Las calles atestadas de gente, que aprovechaba la brisa matutina, les hacía andar más despacio por aquel enorme mercado. Los mercaderes ofertaban a gritos y discutían con los posibles compradores los precios del producto hasta que ambas partes conseguían un trato decente por las mercancías. La Elementalista se entretenía comiendo la fruta que momentos antes su compañero había comprado en un puesto cercano, mientras observaba como otro de estos mercaderes les cortaba el paso con una formidable y colorida alfombra de colores escarlatas, negros y dorados.

- ¡Buena, bonita y barata, no encontrará una alfombra mejor! – volvió a casi estamparle la alfombra en la cara al Cazador.
- No nos interesa. – la apartó Bertnard de su cara y gruñó por la insistencia del mercader. - No.

Sumire ocultó una sonrisa maliciosa tras otro mordisco de la fruta. Era bueno ser mujer, la insistencia del comercio estaba marcada por el trato a los varones y ella era feliz por no tener que mediar con esa tesitura.

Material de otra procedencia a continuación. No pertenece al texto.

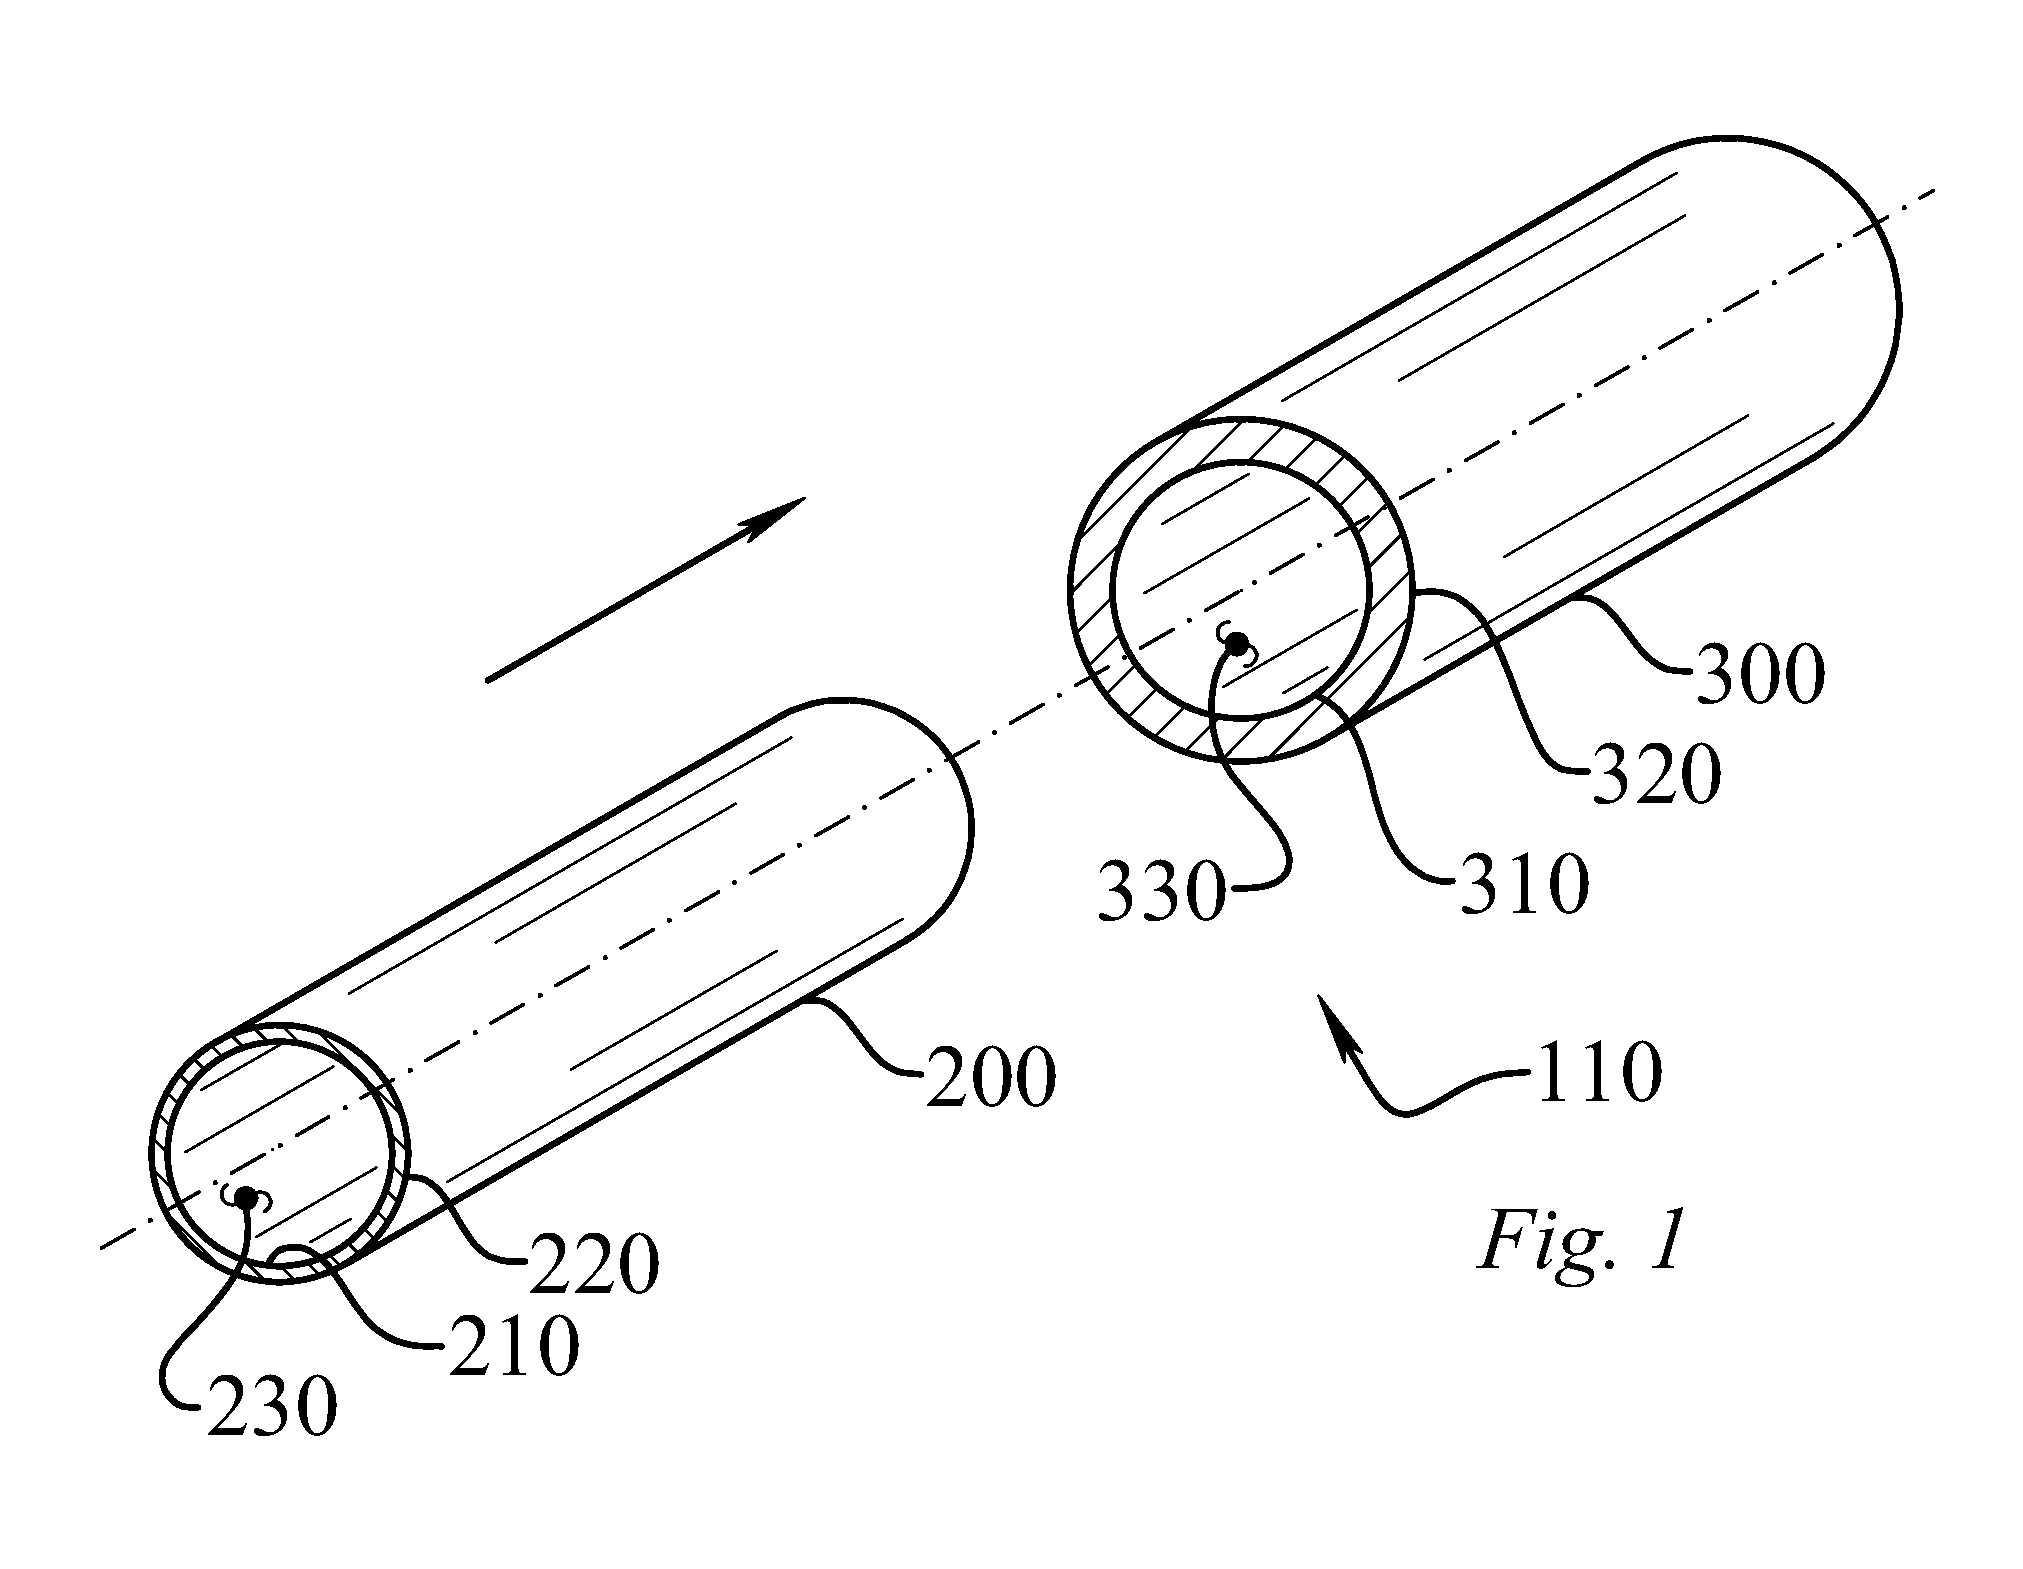 Method of creating a clad structure utilizing a moving resistance energy source

- Joder, esto es peor que el mercado de Arco de León. – oyó que se quejó el Cazador que la tomaba de nuevo por la muñeca de la mano libre.
- Eres un quejica. – se mofó ella. – Además…
- ¡Compre, es el mejor marisco!¡Recién cogido de la bahía! – la interrumpió otro mercader eufórico casi lanzándoles la malla de marisco a la cara.

El moreno gruñó intentando apartar el olor a pescado de su nariz, mientras seguía negando al mercader que no pensaba comprar nada; aunque esta vez se veía que el vendedor no aceptaba el no tan rapidamente y se enfrascaron a una discusión de compra-venta que Sumire sabía acabaría en un no rotundo por parte de su compañero. Desvió la vista hacía la escuálida sombra de una figura al otro lado de la atestada calle y frunció el ceño.

La pequeña figura, vestida con unos pantalones abombachados y una camiseta de escasa tela, se deslizó entre los compradores y observó al mercader antes de meter mano al puesto, ajena a los otros ojos que la observaban. La Elementalista negó lentamente al ver como la pequeña bribona se metía algo en los bolsillos y se intentaba deslizar de nuevo entre los compradores. Poco más de tres pasos pudo dar antes de ser interceptada por un segundo mercader que, como Sumire, no había apartado la vista de ella. Los gritos empezaron a aglomerar en corro el puesto, ojos curiosos se unificaban ante el llamativo pero común espectáculo que se estaba ofertando, mientras el primer mercader avisaba a un guardia cercano.

No tardó en aparecer Sumire al lado de la pequeña niña que seguía retorciéndose para intentar liberarse, ahora de las garras de un miembro de la guardia que discutía con los mercaderes y una pareja de esos llamados perros de Califa.
- Cortadle las manos, ¡es una ladrona! – se quejaba el mercader a voces, bajo la atenta mirada de los espectadores.
- ¡No lo soy, yo no he robado nada! ¡Iba a pagarlo! – se quejaba con una chillona e infantil voz la pequeña.
- Cállate. – la zarandeó, ya hastiado, el guardia que la retenía. - Ya deberías saber cuál es la pena por robar.
El revuelto siguió un par de minutos más hasta que la pequeña fue entregada a los perros de Califa y los guardias ordenaban que se dispersara el corro que se había formado a su alrededor. El mercader posicionaba un tronco delante del puesto, por indicación de uno de los los hombres de Califa y posicionaba a la cría de rodillas con las manos extendidas sobre el mismo. Los pocos ojos que se atrevían a seguir observando aquel futuro espectáculo miraban a la pequeña que ahora lloraba angustiada por su propio destino.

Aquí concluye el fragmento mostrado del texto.